Edit to add, how old is the tank? crystals need a more mature setup to really thrive.


----------



## maj74 (4 Feb 2021)

Nick potts said:


> 20 is a good starting point, hopefully in time and given the right parameters they will start to breed.
> 
> The amano shrimp will not predate on them or the babies and I would a few more amanos if it were me as I find them better cleaners
> 
> Edit to add, how old is the tank? crystals need a more mature setup to really thrive.


It's had water in it for a month with just 5 cardinals and the 5 amano to help cycle. A proportion of the substrate (added 3 weeks ago) came from the old tank.


----------



## Nick potts (4 Feb 2021)

maj74 said:


> It's had water in it for a month with just 5 cardinals and the 5 amano to help cycle. A proportion of the substrate (added 3 weeks ago) came from the old tank.

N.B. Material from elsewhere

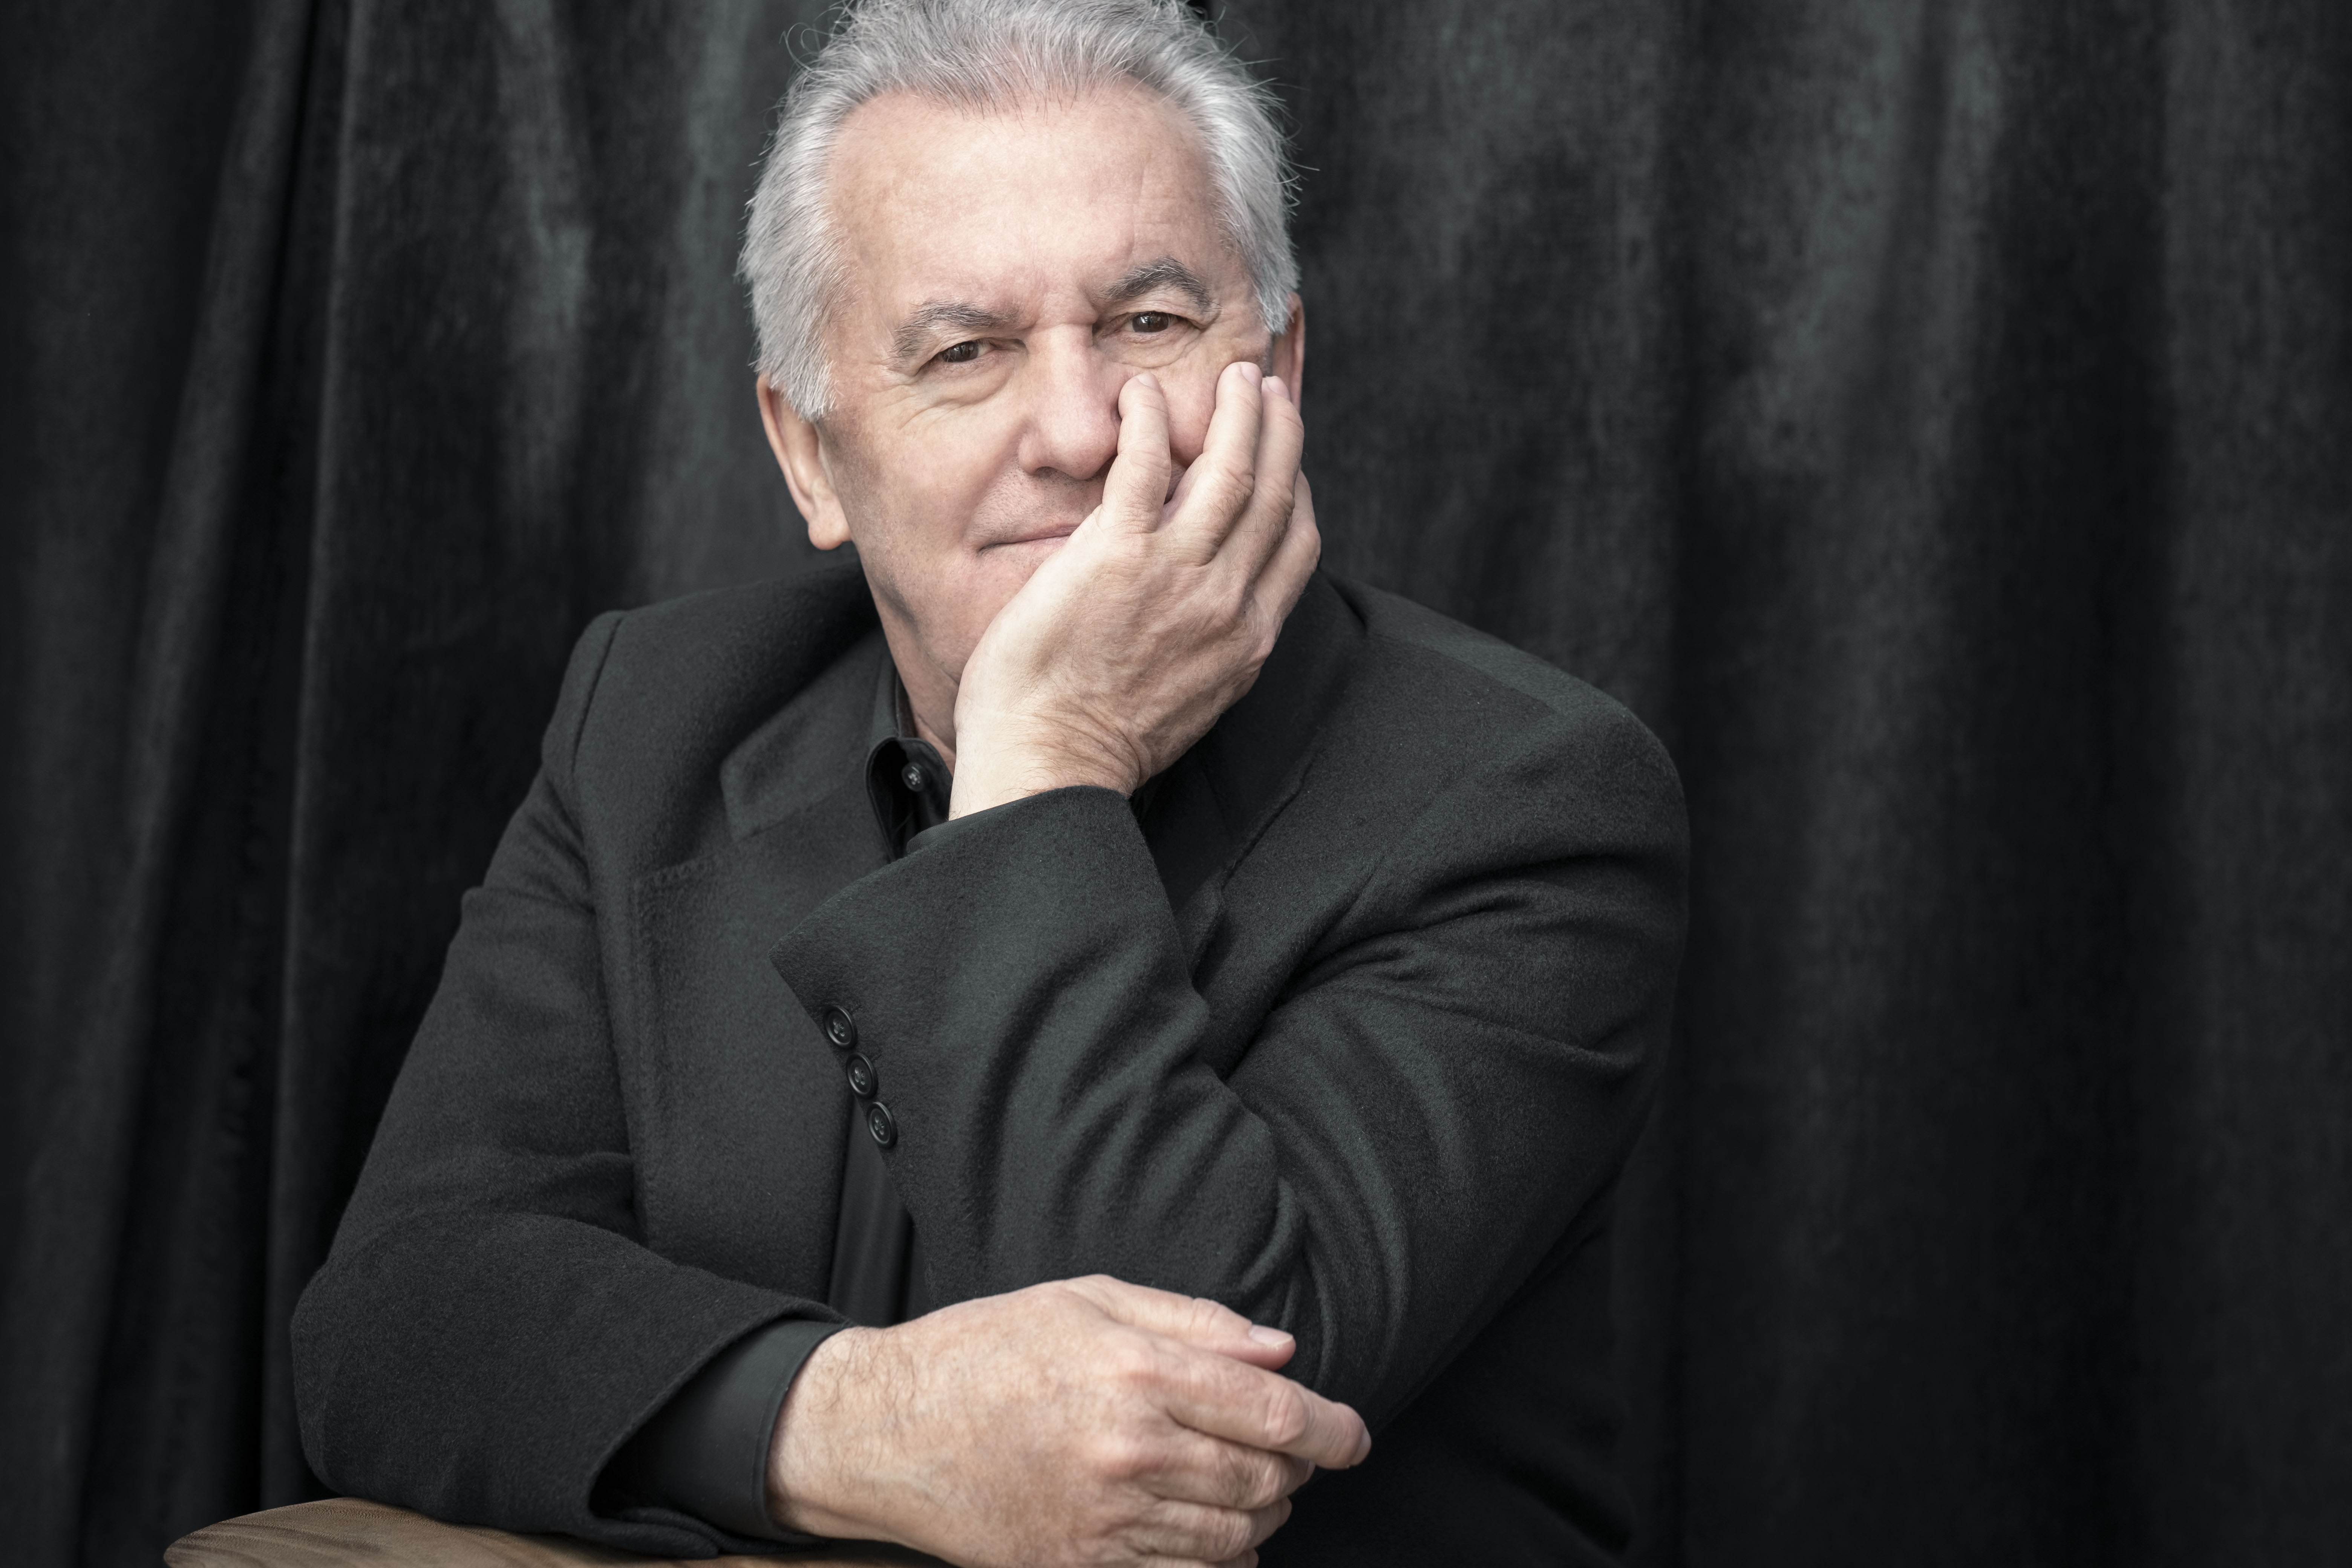 Víctor Manuel celebra els 75 anys amb un concert al Liceu de Barcelona
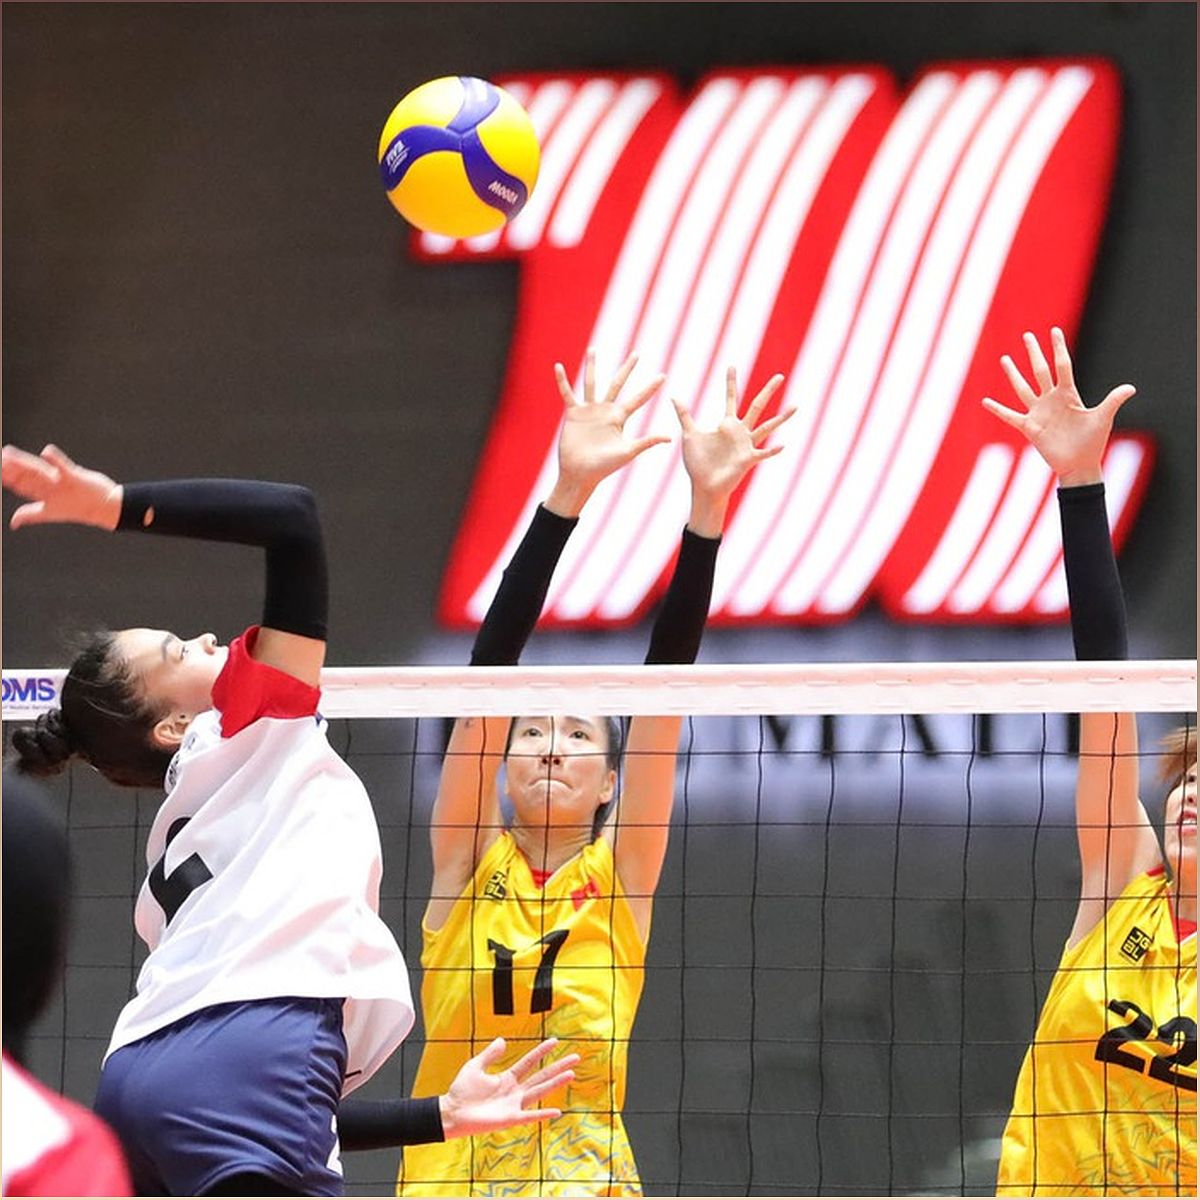 Tuyển bóng chuyền nữ Việt Nam thắng dễ Uzbekistan 3-0 tại Giải bóng chuyền nữ châu Á 2023 - -1468123884

If it where me i would be waiting another month or so before adding any caridina shrimp, like crystals etc, but I may be being over cautious.


----------



## alto (4 Feb 2021)

Amano shrimp do sometimes prey upon Neocaridina (previous ukaps discussions and some linked video), I don’t imagine Caridina species would be an exception

While it’s tempting to assume this may only happen in situations where food is scarce, this doesn’t seem to be the case
And some of the Amano type shrimp can be very aggressive to small fish and other shrimp (personal observation on multiple occasions; unfortunately these are all that local shops have in as “Amano” shrimp - they are recognizably different species, I just don’t bother arguing the identification with lfs staff any longer)

As for number of Caridina sp shrimp for this size tank, I’d suggest 50, but then assuming tank conditions are suitable, you’ll eventually have rather more than the original 20 
Neocaridina often begin breeding within a few weeks, Caridina often take a few months to settle in 
Buying egg laden females is useful if you have problems identifying male/female shrimp, but often the eggs fail to make it to fullterm, or the young fail to thrive (factors such as shipping stress, adjustment to quite different water parameters, environment stress etc contribute)


----------



## maj74 (4 Feb 2021)

alto said:


> Amano shrimp do sometimes prey upon Neocaridina (previous ukaps discussions and some linked video), I don’t imagine Caridina species would be an exception
> 
> While it’s tempting to assume this may only happen in situations where food is scarce, this doesn’t seem to be the case
> And some of the Amano type shrimp can be very aggressive to small fish and other shrimp (personal observation on multiple occasions; unfortunately these are all that local shops have in as “Amano” shrimp - they are recognizably different species, I just don’t bother arguing the identification with lfs staff any longer)
> ...



Cool thanks.

I shall start in a while with 20 (+ the 5 Amano) and see what happens. I won't rush to add more.


----------



## Nick potts (4 Feb 2021)

alto said:


> Amano shrimp do sometimes prey upon Neocaridina (previous ukaps discussions and some linked video), I don’t imagine Caridina species would be an exception
> 
> While it’s tempting to assume this may only happen in situations where food is scarce, this doesn’t seem to be the case
> And some of the Amano type shrimp can be very aggressive to small fish and other shrimp (personal observation on multiple occasions; unfortunately these are all that local shops have in as “Amano” shrimp - they are recognizably different species, I just don’t bother arguing the identification with lfs staff any longer)
> ...


I don't think this is all that common.

I keep amano shrimp in all my 15ltr breeding tanks and have never witnessed predation. I do feed daily whether or not that makes a difference I don't know.


----------